10 Performance Analysis of Applying Replica Selection Technology B. Allcock, J. Bester, J. Bresnahan, A. Chervenak, I. Foster, C. Kesselman, S. Meder, V. Nefedova, D. Quesnel, S. Tuecke, Secure, Efficient Data Transport and Replica Management for High-Performance Data-Intensive Computing, IEEE Mass Storage Conference, B. Allcock, S. Tuecke, I. Foster, A. Chervenak, and C. Kesselman, Protocols and Services for Distributed Data-Intensive Science, ACAT2000 Proceedings, pp , K. Czajkowski, S. Fitzgerald, I. Foster and C. Kesselman, Grid Information Services for Distributed Resource Sharing, Proceedings of the Tenth IEEE International Symposium on High-Performance Distributed Computing (HPDC-10), IEEE CS Press, August K. Czajkowski, I. Foster, N. Karonis, C. Kesselman, S. Martin, W. Smith and S. Tuecke, A Resource Management Architecture for Metacomputing Systems, Proc.

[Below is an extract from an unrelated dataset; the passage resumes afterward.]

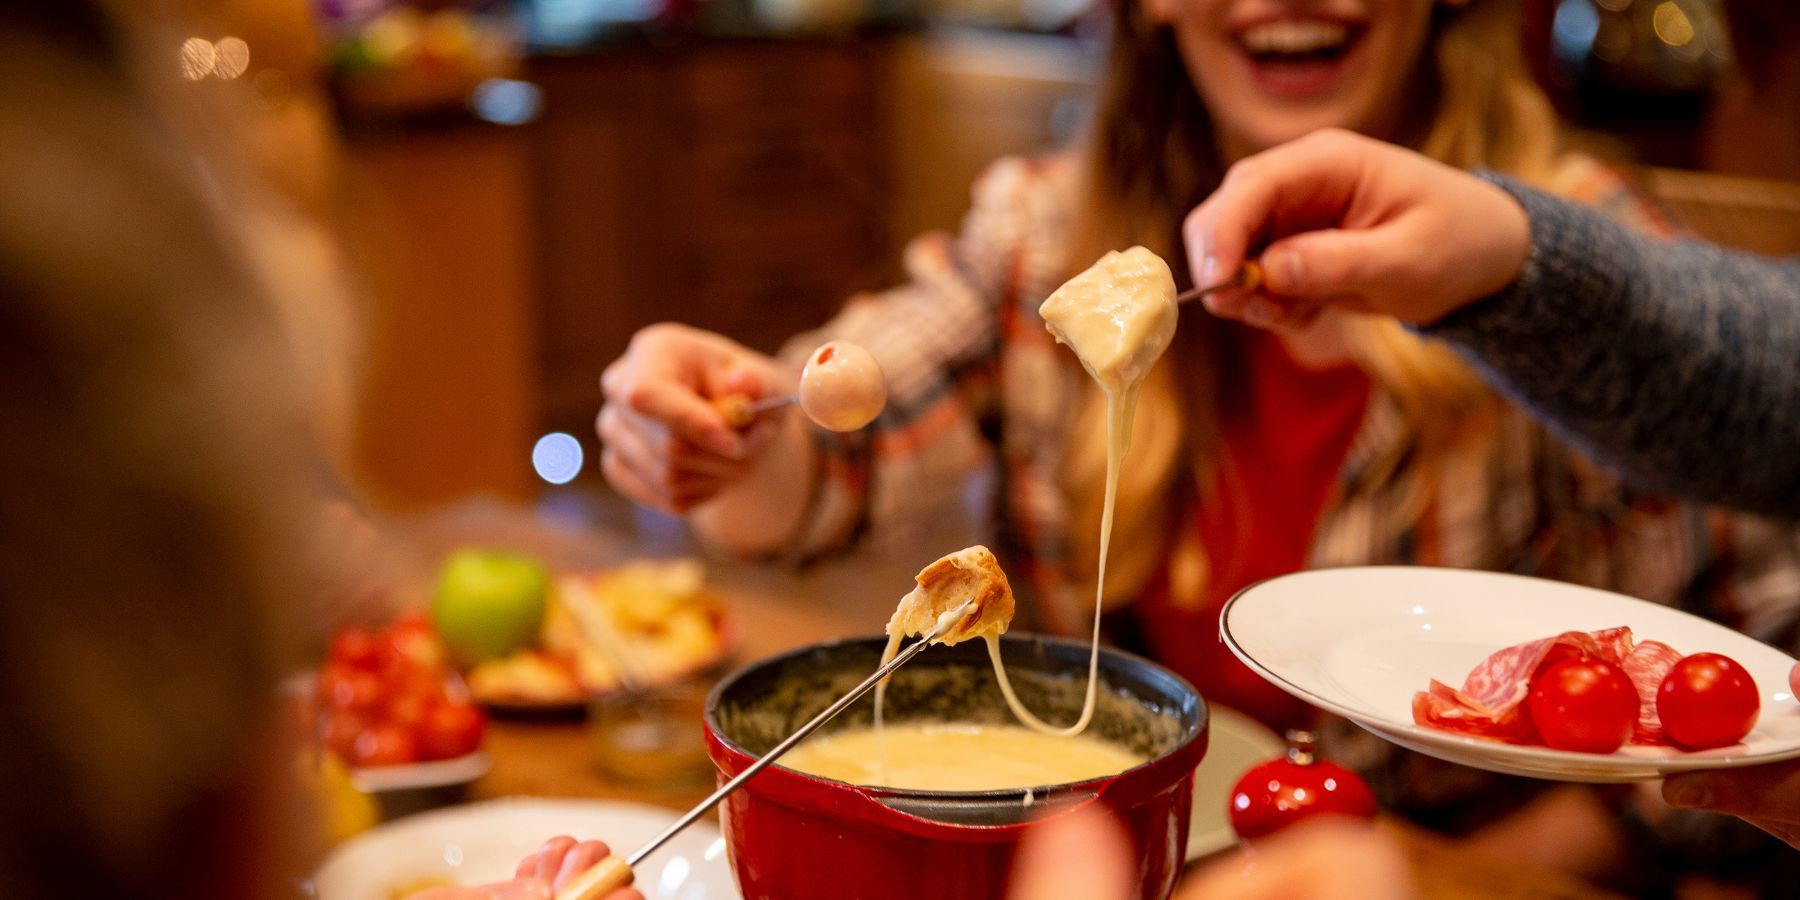 70s fondue party with everyone dipping into the cheese

IPPS/SPDP 98 Workshop on Job Scheduling Strategies for Parallel Processing, pp , R. L. De, C. Costa and S. Lifschitz, Database Allocation Strategies for Parallel BLAST Evaluation on Clusters, Proceedings of the Distributed and Parallel Databases, Vol. 13, Issue1, pp , Hingham, MA, USA, January I. Foster, The Grid: A New Infrastructure for 21st Century Science, Physics Today, 55(2):42-47, I. Foster, C. Kesselman, Globus: A Metacomputing Infrastructure Toolkit, Intl J. Supercomputer Applications, 11(2): , I. Foster and C. Kesselman, The Grid: Blueprint for a New Computing Infrastructure, Morgan-Kaufmann, I. Foster, C. Kesselman and S. Tuecke, The Anatomy of the Grid: Enabling Scalable Virtual Organizations, Intl J. Supercomputer Applications, 15(3), Global Grid Forum, The Globus Project, Introduction to Grid Computing with Globus, SETI@home: Search for Extraterrestrial Intelligence at home, berkeley. edu/ 15. SYSSTAT utilities home page, R. Wolski, N. Spring and J. Hayes, The Network Weather Service: A Distributed Resource Performance Forecasting Service for Metacomputing, Journal of Future Generation Computing Systems, Vol. 15, No. 5-6, pp , October X. Zhang, J. Freschl, and J. Schopf, A Performance Study of Monitoring and Information Services for Distributed Systems, Proceedings of HPDC, August 2003.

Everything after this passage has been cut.